DATA SECTION:
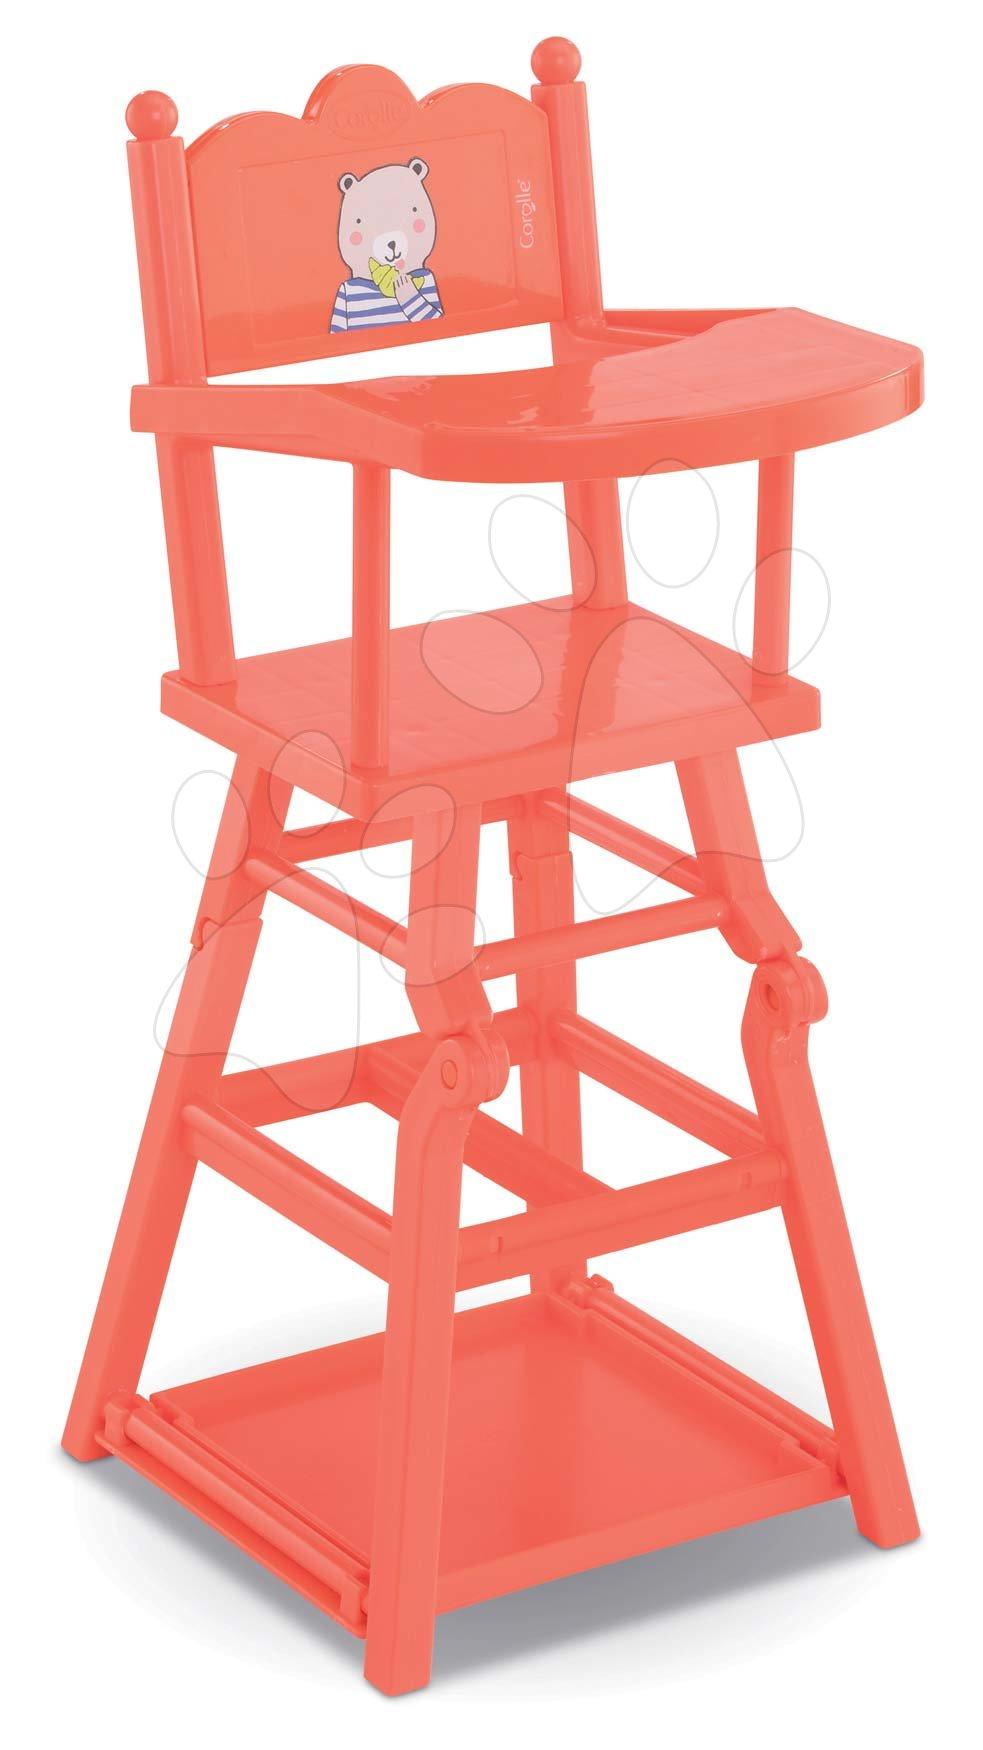 Scaun de masă roz High Chair 2in1 Mon Grand Poupon Corolle pentru păpușă de 36-42 cm roz
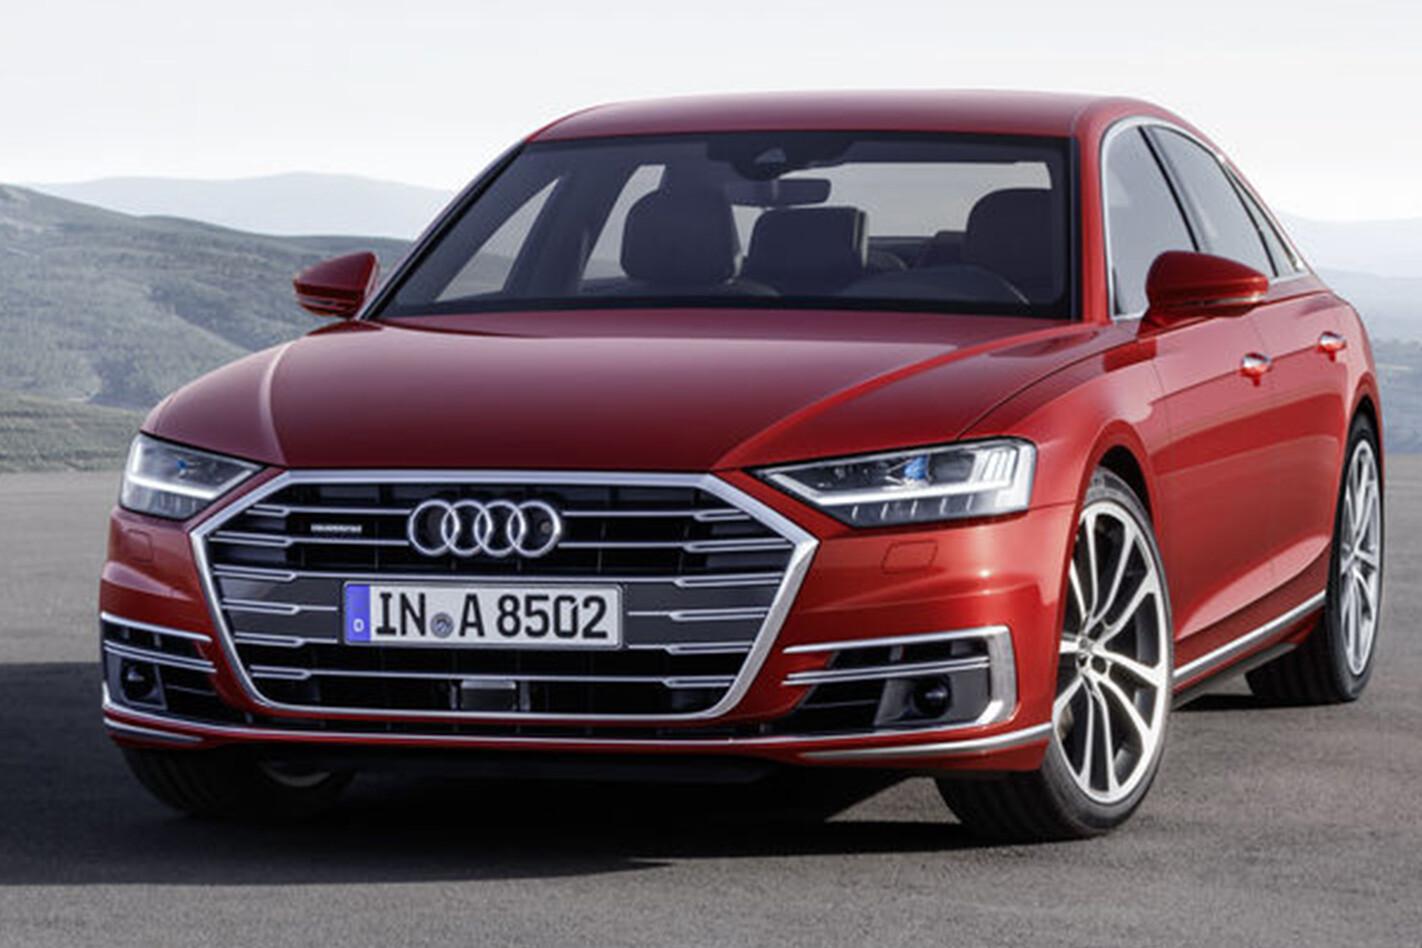 2018 Audi A8 front facing
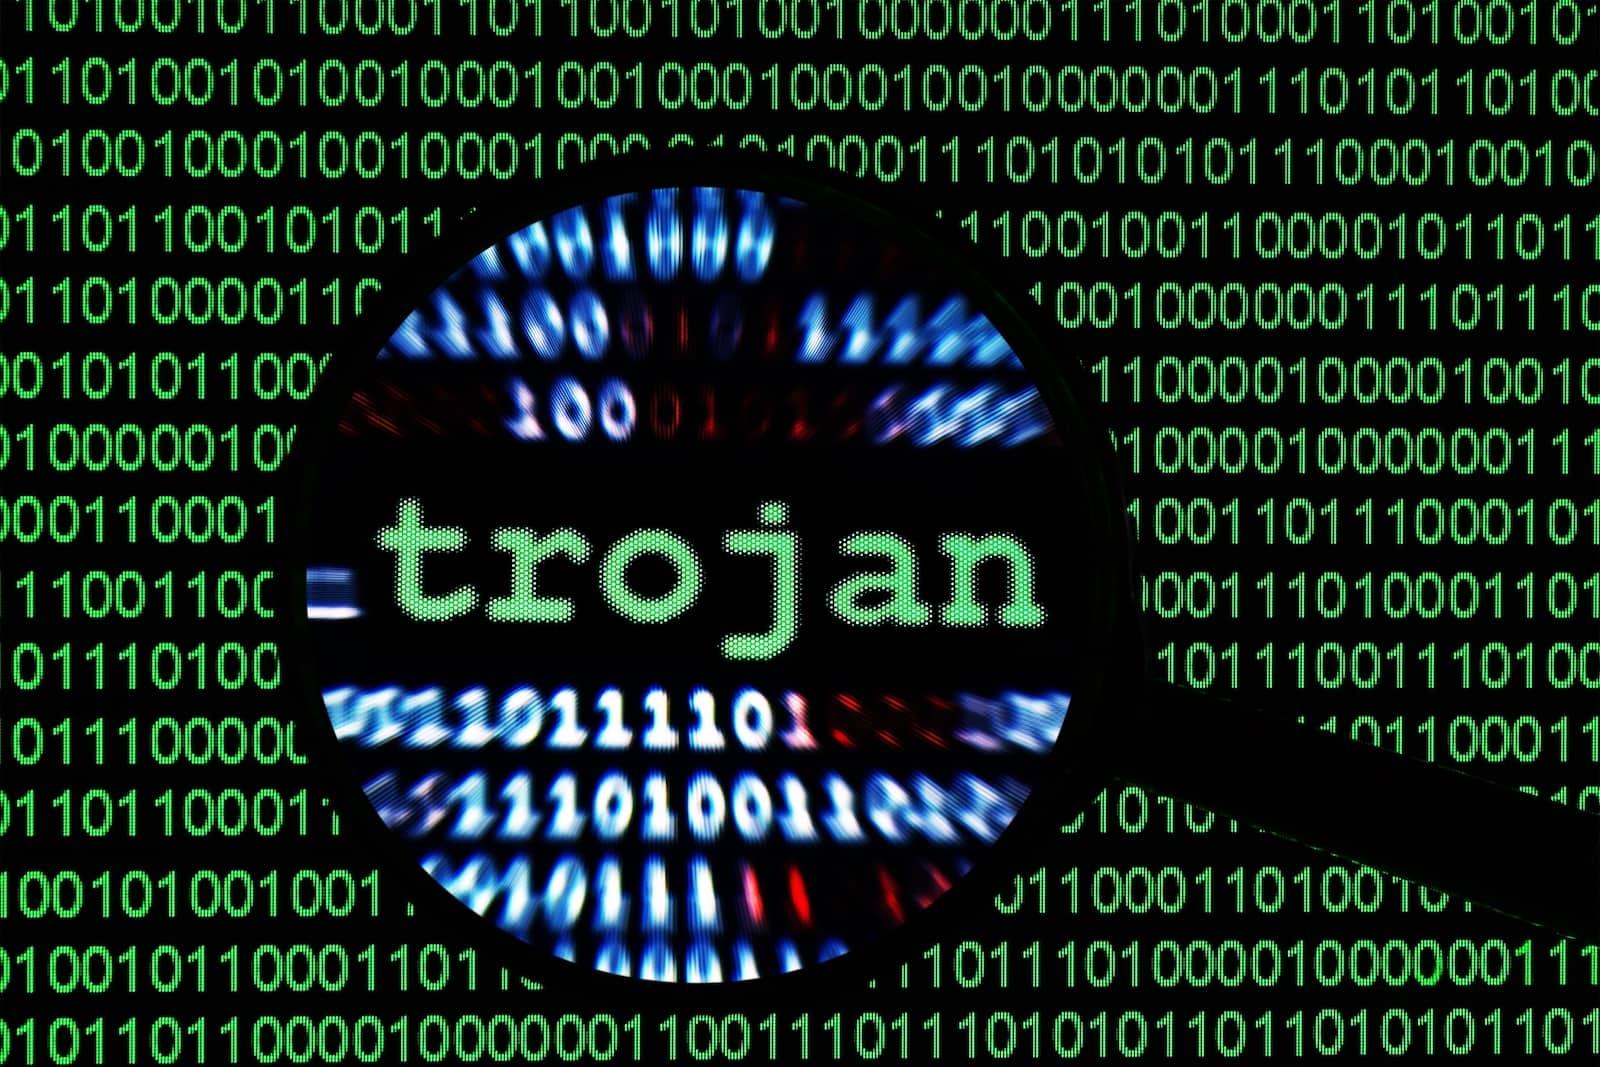 Can antivirus detect trojan virus type?

WHAT YOU HAVE TO DO:
Please output the material as written, apart from the images.

WRITTEN SOLUTION:
 Scaun de masă roz High Chair 2in1 Mon Grand Poupon Corolle pentru păpușă de 36-42 cm roz
 2018 Audi A8 front facing
 Can antivirus detect trojan virus type?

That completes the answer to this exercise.